# vr6T oil feed line



## silverjettin (Jan 16, 2002)

quick question..does it matter which port you tap on the vr6 oil filter housing for the oil feed line?
tnx


----------



## 24vGTiVR6 (Sep 14, 2010)

nope shouldn't.

I've had em both places.


----------



## Deezy (Jan 3, 2009)

Mine is on the temp sensor


Sent from my iPad using Tapatalk


----------



## 2.0 Ho (Sep 27, 2006)

Doesn't matter but if you want to know what your oil temp is and I think you should know at all times what it is I used this http://www.42draftdesigns.com/VW-Oil-Pressure-Relocation-Kit_p_314.html

Lets you keep all the functionality while adding another port so you can get an oil pressure gauge or something.


----------



## 24vGTiVR6 (Sep 14, 2010)

2.0 Ho said:


> Doesn't matter but if you want to know what your oil temp is and I think you should know at all times what it is I used this http://www.42draftdesigns.com/VW-Oil-Pressure-Relocation-Kit_p_314.html
> 
> Lets you keep all the functionality while adding another port so you can get an oil pressure gauge or something.


I would not use the relocation kit for temperature, or for a turbo oil feed line.

from 42DD website:

Additional Information
The spare port cannot be used for an oil temperature sender. Though the sender may fit, there is no circulation of oil in this adaptor. Temperatures may never exceed 200.

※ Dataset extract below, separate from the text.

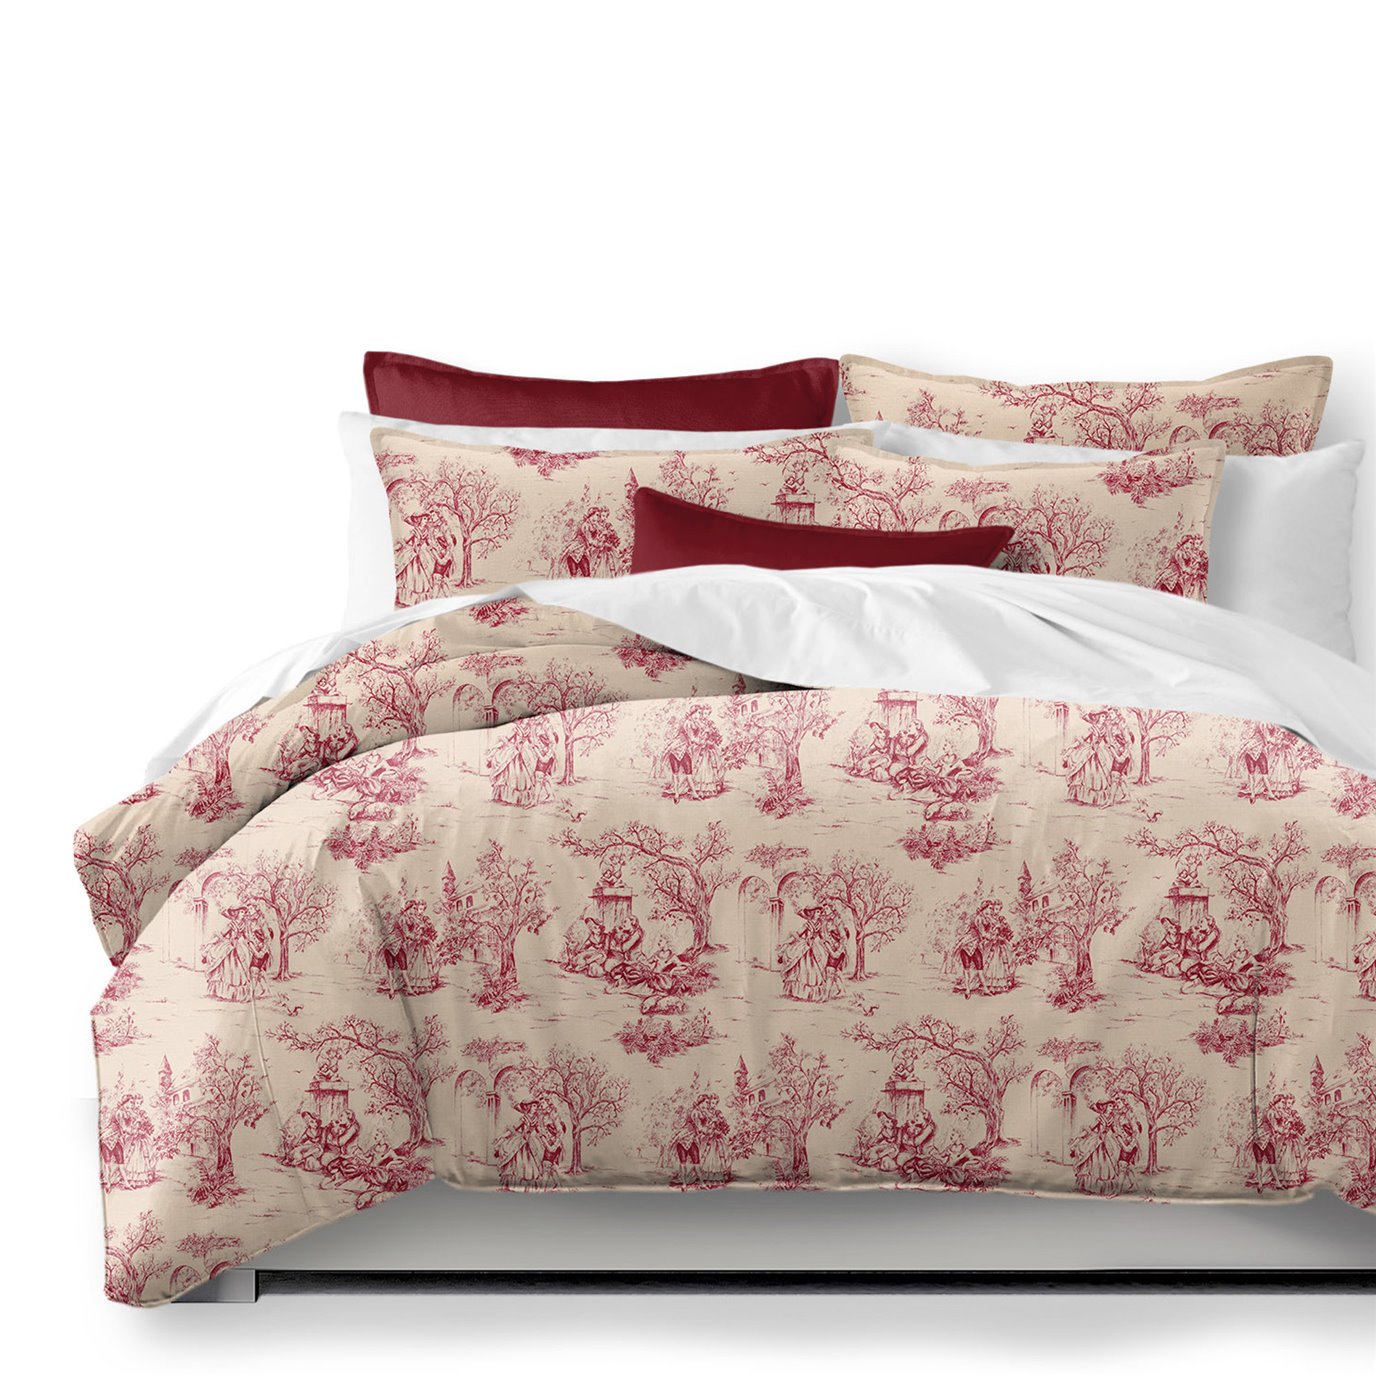 Archamps Toile Red Comforter and Pillow Sham(s) Set - Size Super King

and my personal experience with the relocation kit, in a turbo oil feed line / pressure sensor application. (with non-favourable results)

http://forums.vwvortex.com/showthread.php?5646925-Oil-pressure-VRT


----------



## Deezy (Jan 3, 2009)

You know.... I haven't seen high temps with mine in the temp sensor... I have a tee with the sensor on top and oil line out the side. 


Sent from my iPad using Tapatalk


----------



## 2.0 Ho (Sep 27, 2006)

24vGTiVR6 said:


> I would not use the relocation kit for temperature, or for a turbo oil feed line.
> 
> from 42DD website:
> 
> ...


From my 42dd block I have the turbo feed line, and the pressure sender, shoot actually can't remember if I put temp on it as well but either way I see above 200 temps sometimes but mostly not much above which is normal since my water never gets too much above 180 unless I am boosting like crazy. The oil pressure reads perfect as well. about 5-6 bar cold start and 1.5 bar roughly at complete warm up. Then again I have circulation from the turbo feed line oil having to run by everything though so maybe that makes a difference.


----------